She poured us each a glass of red wine, then sat down next to me on the couch, not close though, perhaps half a metre. I couldn’t smell her.
She took them out of the envelope and handed them to me.
‘They are small, well smaller than they will be when I blow the nice ones up. We can decide together.’
I flipped through them. There was Byron, holding his leather skins down against his legs as the wind blew up his skirt, and there was Byron running his fingers through his hair. But of course what I looked for was not Byron’s skins or his hair or his hands. Of course what I looked for was his feet. They were there, of course. I could not say that the size difference wasn’t noticeable, it was. But it was pleasing to the eye. The right was larger, the left smaller, but it looked somehow as if the feet belonged to two separate stages of development, as if the right belonged to the present, and the left to the past: to Byron the child. It looked as if the size difference was a deliberate artistic decision, instead of a subject deformity. She hadn’t violated the sacred, prenuptial understanding: the foot was there, and fine, and normal.
So we spoke, and she told me about the project, and how her father owned an art gallery, and how she was going to have her own exhibition with a collection of photographs, some of me, and some of the subjects on the wall – she pointed with her hand – and some that she had yet to take.
‘Do you like them?’ she asked.
‘Yes,’ I said.
She shifted her weight slightly on the couch, and for the first time, I could see, beneath the thin material of her white T-shirt, that she wasn’t wearing a bra. To be sure, her breasts were not large, but now from the angle at which she was sitting, and something that the light was doing, I was able to see her pink nipples against the pale top.

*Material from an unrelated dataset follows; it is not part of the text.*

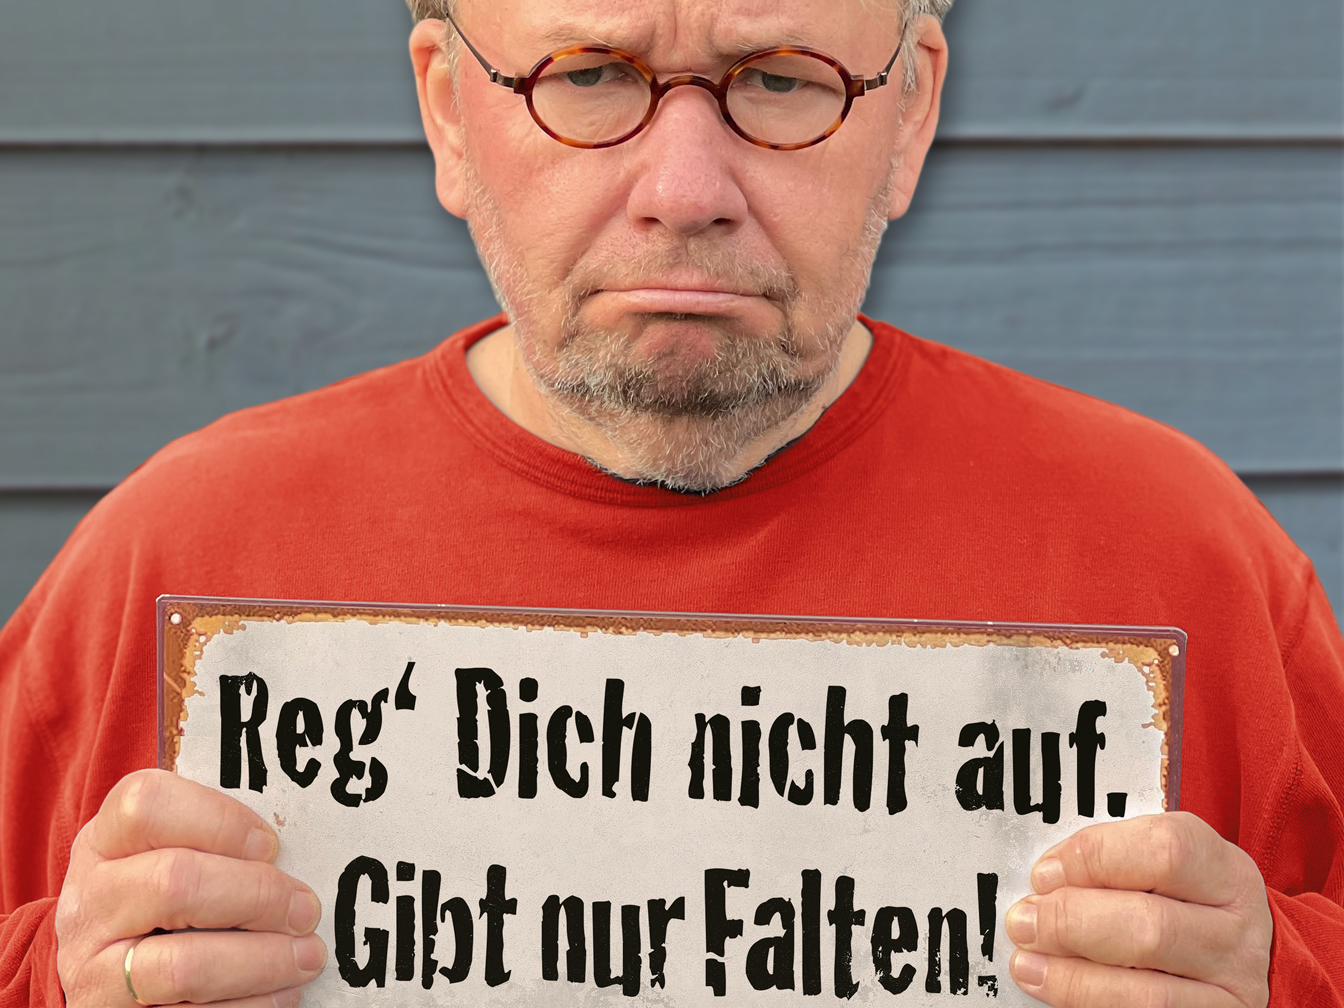 Bernd Stelter mit einem Schild "Reg dich nicht auf, gibt nur Falten!
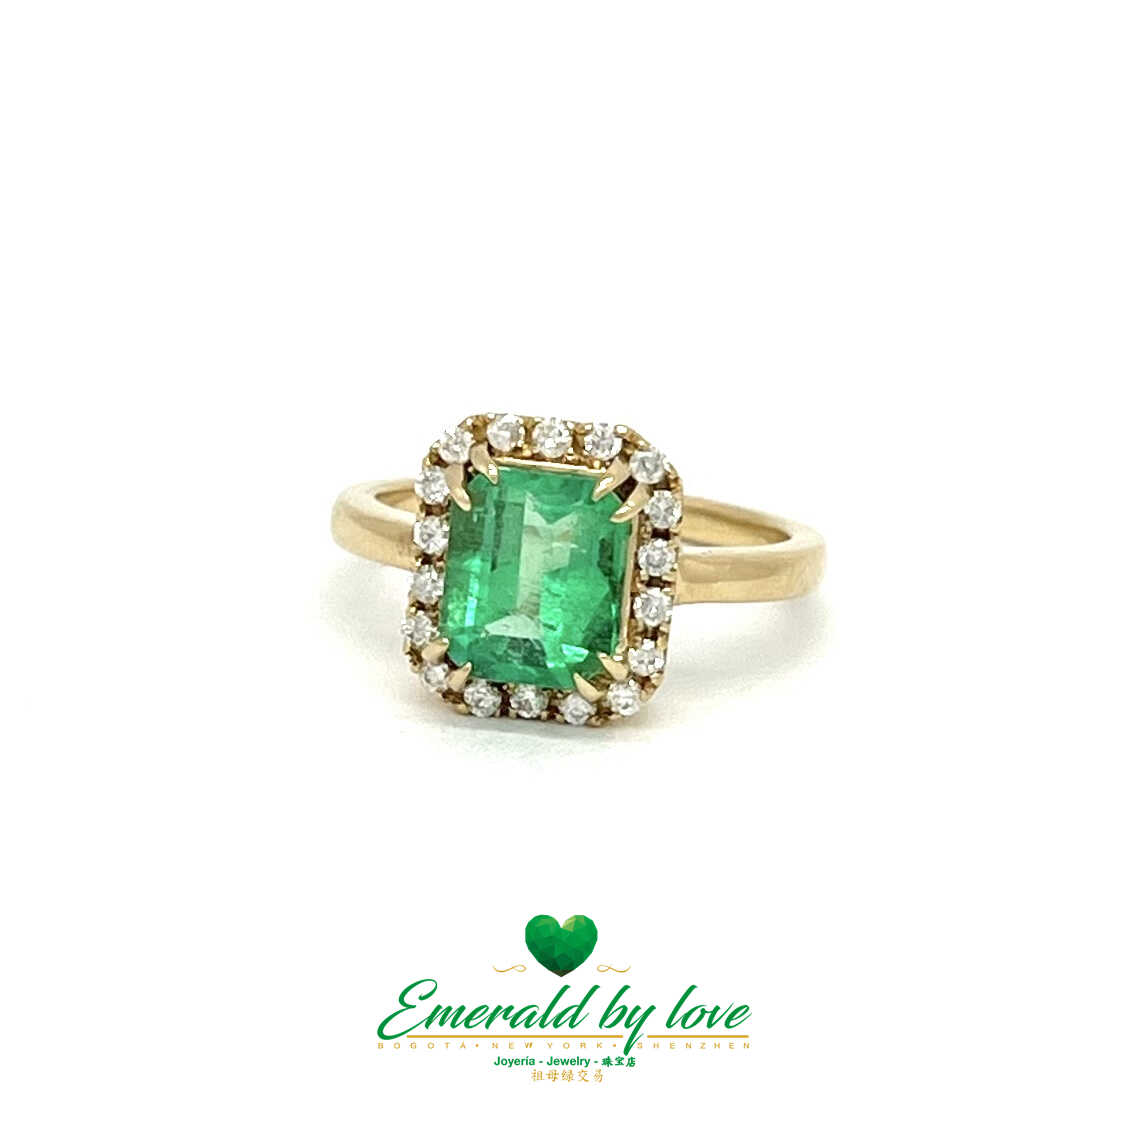 Anillo de compromiso con esmeralda: piedra central de 2,1 quilates rodeada de diamantes

I felt as if I were being rude to watch, to stare, when I had not been invited; but then I noticed that she was turning herself toward me, inflating her chest slightly, directing my attention to the exact spot that I wished my attention to be directed toward. She was wriggling her butt cheeks slowly on the couch as she spoke, and she laughed a little, and one of the strands of brown hair fell forward, and she tucked it back with her purple-gloved hands.
‘I need the bathroom,’ she said, and left the room. It was obvious where this rendezvous of ours was headed. I wondered at which point she’d decided that I was to be her lover. Or perhaps she hadn’t decided this yet. Perhaps she never would. Maybe I’d gotten the wrong end of the stick. I considered leaving to save myself any embarrassment. But when she returned she sat an inch closer to me, and as her body sank into the couch I could smell the soap and water rising off her skin. And my heart sped up as her knees clapped together and she rested her hands on the end of her legs.
‘What is it that you do, at your work, that is?’
‘I translate Charlie’s poetry. From Xhosa to English. The guests are all foreigners. Ninety per cent.’
‘So they want to know what’s being said?’
‘Charlie is a praise poet. And I tell them, yes. What’s being said about them.’
‘Are they English people?’
‘Some. Germans. Lots of Germans. Also some French. Even Japanese sometimes. All sorts.’
‘Oh, that’s nice,’ she said, the way someone says, that’s nice if you tell them you’re a nursery school teacher. And as she spoke she pointed her right leg slightly toward me, causing the gap between her legs to widen ever so slightly. I imagined what I would be able to see if she weren’t wearing anything over her legs, if I were lying on my back, on the floor, and she made the same movement. I imagined what I would be able to see, and then I said, ‘I will be getting a promotion though. Sometime.’
‘Oh really?’ she said, with a hint of enthusiasm.
‘Deputy Manager, perhaps,’ I said, and went on to list the perks I’d receive. I’d be able to change out of the skins and into a suit, maybe get my own office, a phone contract paid for by Bhakhuba, a company car was in the pipelines, medical aid, insurance, retirement funds, UIF, bursaries to study further.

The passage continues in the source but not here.